After three years of market lows, it’s the average farmer, the good businessman and the midsized operator that are at risk of getting buried in debt and even going under, Hansen said.

“We’re burning cash and equity right now,” Hansen said. “When does the bank throw in the towel?”

And when do farmers?

This year, American corn farmers are rolling toward their biggest harvest ever. According to the World Agricultural Supply and Demand Estimates report, released Aug. 12 by the U.S. Department of Agriculture, this year’s harvest is projected at a record 15.2 billion bushels. Hansen said most of Nebraska’s farmers are on par to hit high yields with good quality crops, so long as the season’s weather and conditions hold out. But the same USDA report said the average price for corn is expected to drop another 25 cents from its already low price to an average of $2.85-$3.45. That’s assuming the best of the markets — most of Nebraska’s elevators are already offering less than $3 per bushel, Hansen said.

According to the Nebraska Farm Business Association, in 2015, the average, mid-sized corn farmer in the state lost $110.68 per acre, and the average farm in Nebraska is about 900 acres. The average soybean farmer lost about $100 per acre. Wheat farmers lost nearly $200 per acre. That’s anywhere from nearly $100,000 to almost $200,000 depending on the crop, and this year, that will only get worse since market value for crops has fallen 20-30 percent, Hansen said.

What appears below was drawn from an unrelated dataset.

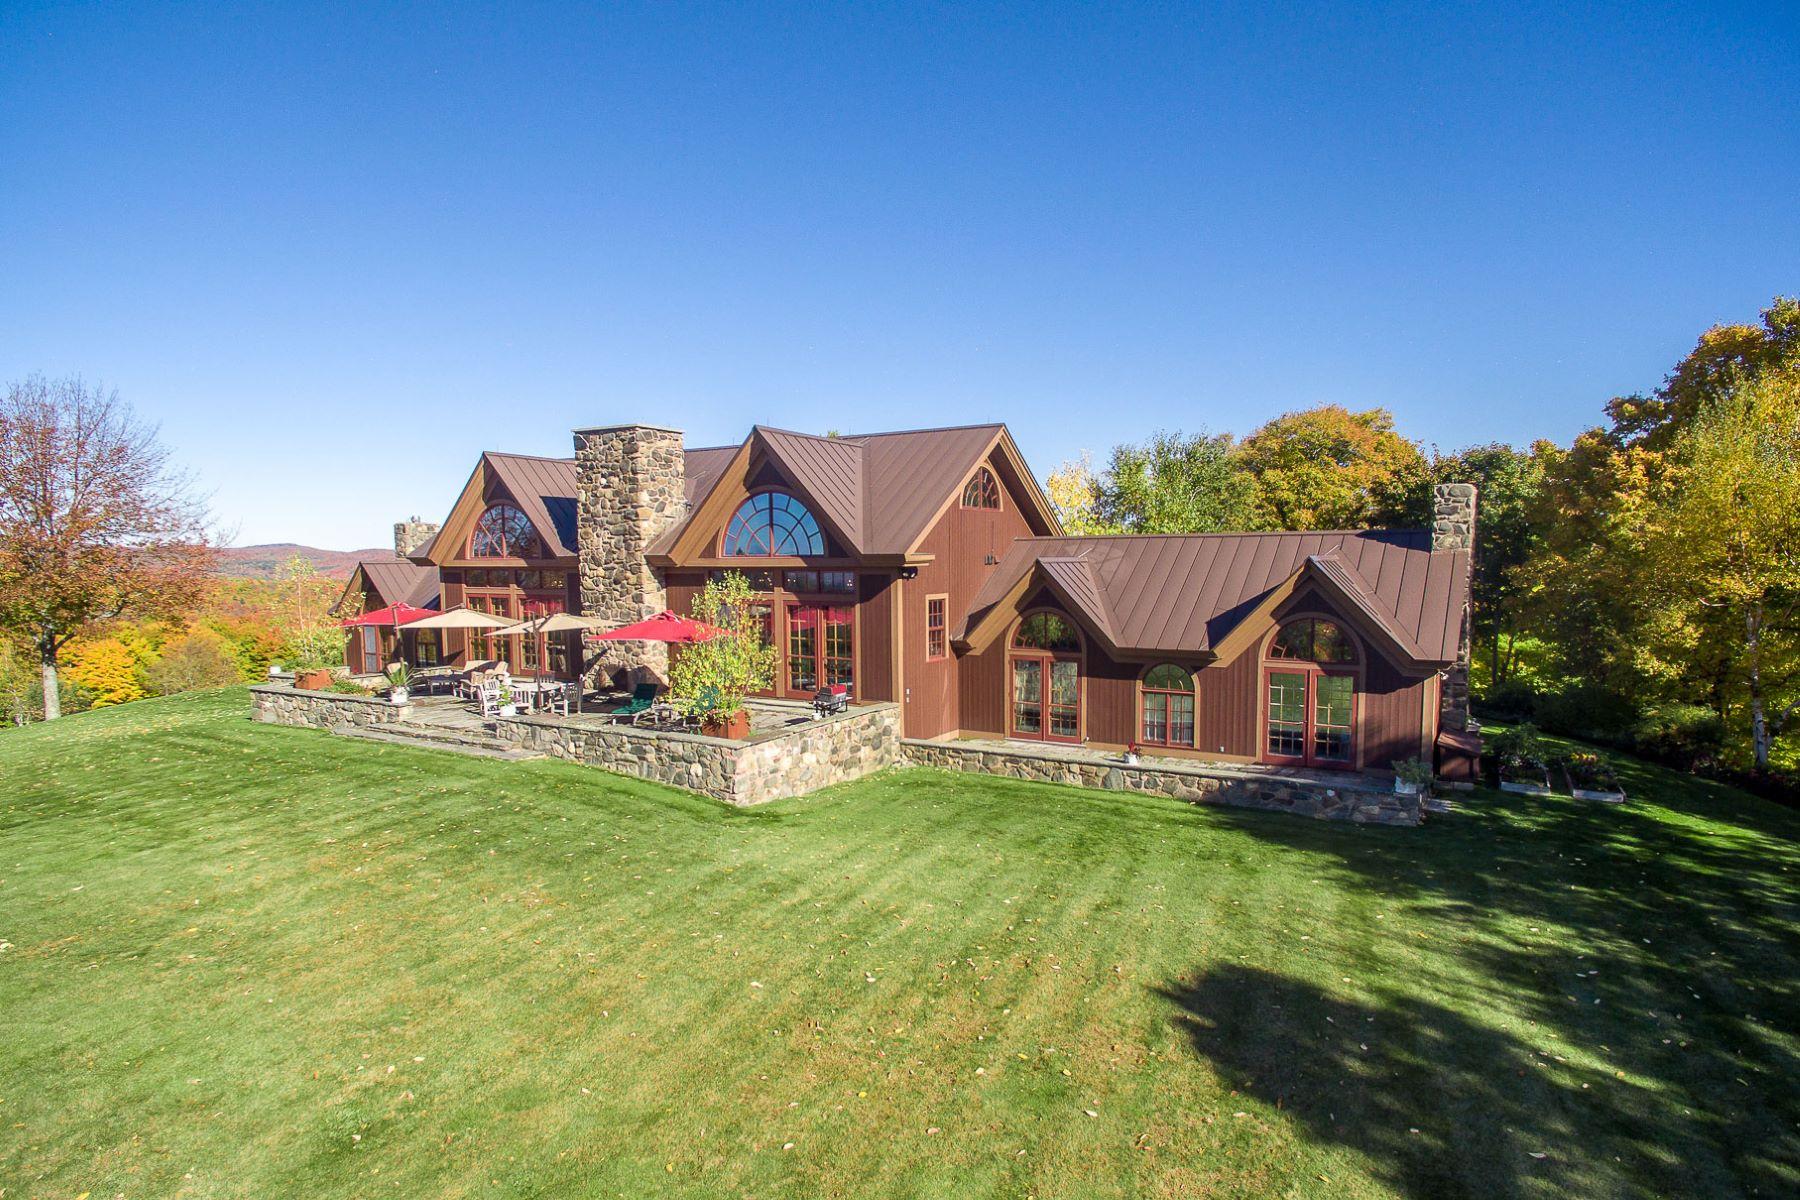 獨棟家庭住宅 為 出售 在 21 Havelok Hill Rd, Strafford Strafford, 佛蒙特州, 05072 美國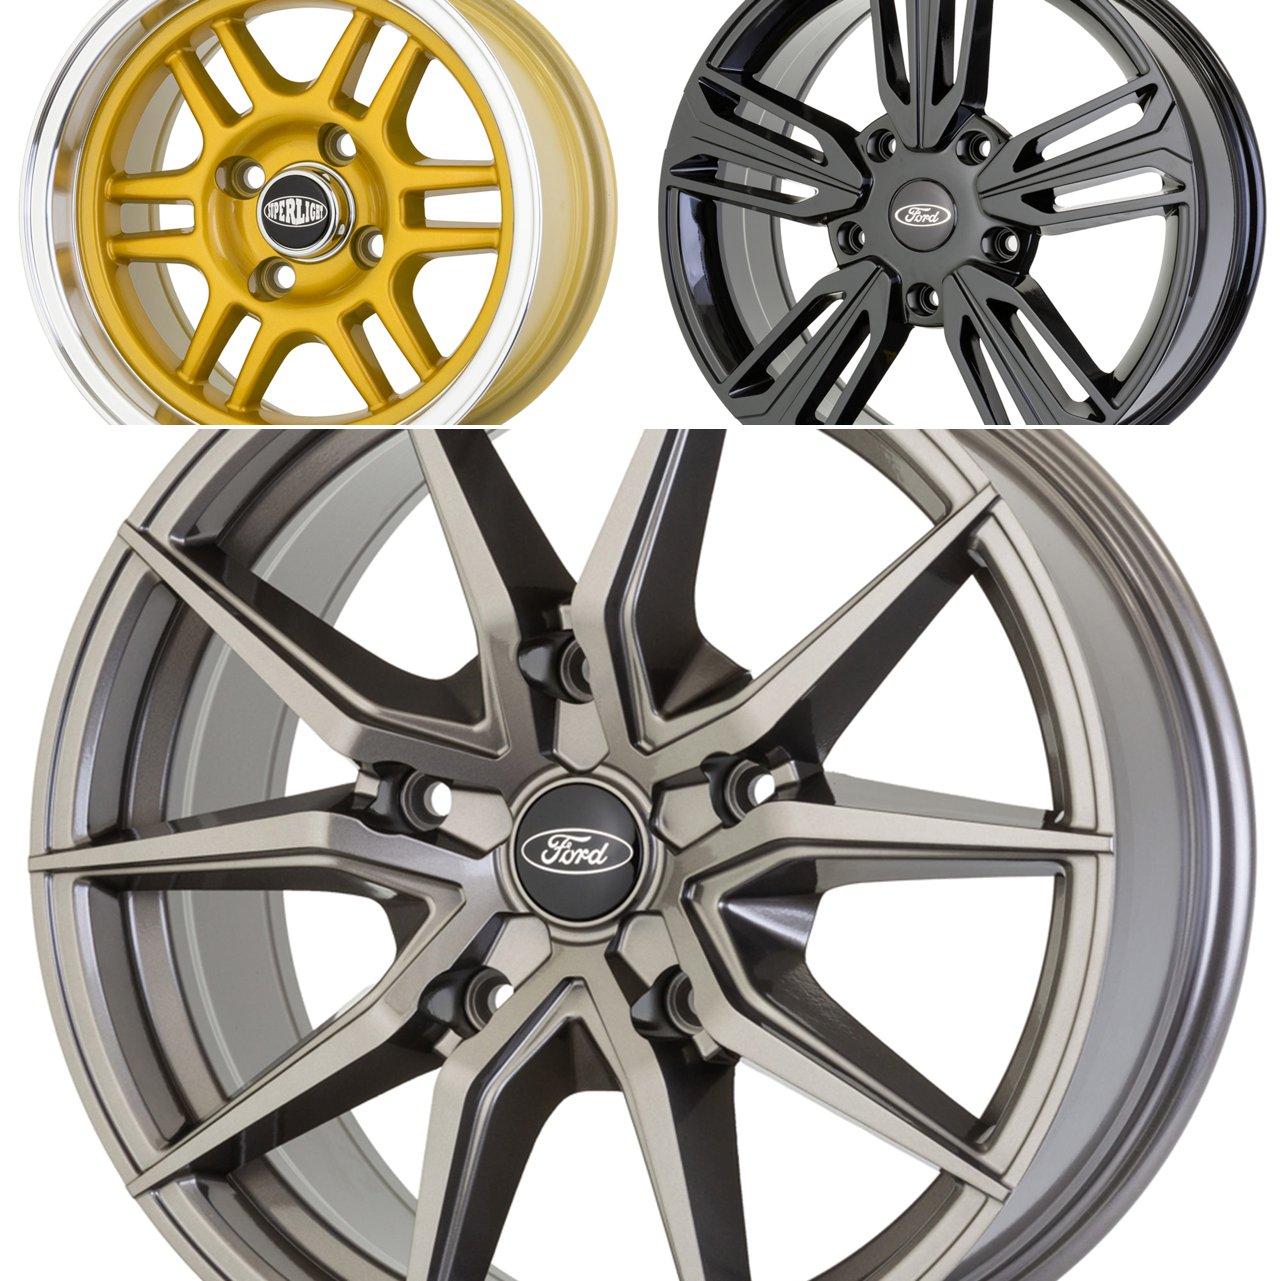 Wheel Product Photography

“Rural America needs help,” said Chip Bowling, president of the National Corn Growers Association, in a news release following the release of the World Agricultural Supply and Demand Estimates report. “With prices for a number of crop and livestock commodities already below the cost of production, the potential losses in rural America will result in fewer family farms, fewer jobs and economic hardship. We need real solutions that help us access markets, expand biofuel use and ensure a more sustainable future.”

Those answers have to come in the form of public policy that keeps ag at the forefront, Hansen said. In Nebraska, that means lowering property taxes so landlords can lower cash rents and alleviate pressure on farmers, he said. That also means creating some way to manage the national food supply in a way that’s economically sustainable, rather than the status quo. As things are, economic conditions force farmers to overproduce crops to come close to breaking even, then the market is flooded and crop prices fall even further.

“What we have is a completely nonsensical system which causes booms and busts,” he said. “The economic crisis we’re facing is a failure that is directly tied to an unrealistic and dysfunctional national farm and food policy.”

Sam Hake, who farms corn and soybean and feeds cattle near Madison, said it’s going to be a challenge this year to get the harvest sold. In June, there was a slight uptick in prices, and some producers were able to sell their crops at a better market value. But Hake said since he grows on mostly dryland, he wasn’t comfortable taking that gamble with the futures.

That said, Hake said his harvest this year is looking excellent and most of the producers in his area will likely have above average harvests, so that will help offset some of the low prices.

“It’s going to be a challenge,” he said, “but I imagine we’ll get through it.”

If producers didn’t catch that June opportunity, there’s not much at this point they can do, other than hope for some luck and continue the best management practices already implemented, Hansen said.

“A lot of the management things that you can do when it comes time to look at the crops you raise and the inputs you use — most of those things have already been done,” he said. “Now, it’s trying to continue to keep a tight rein on spending and look at if the market ever perks up and looks like there’s some short term rallies later on. You have to really be a prepared and watchful marketer.”❖

Editor’s note: This story has been edited from it’s original version to reflect the correct estimates for the total amounts lost by Nebraska farmers in 2015.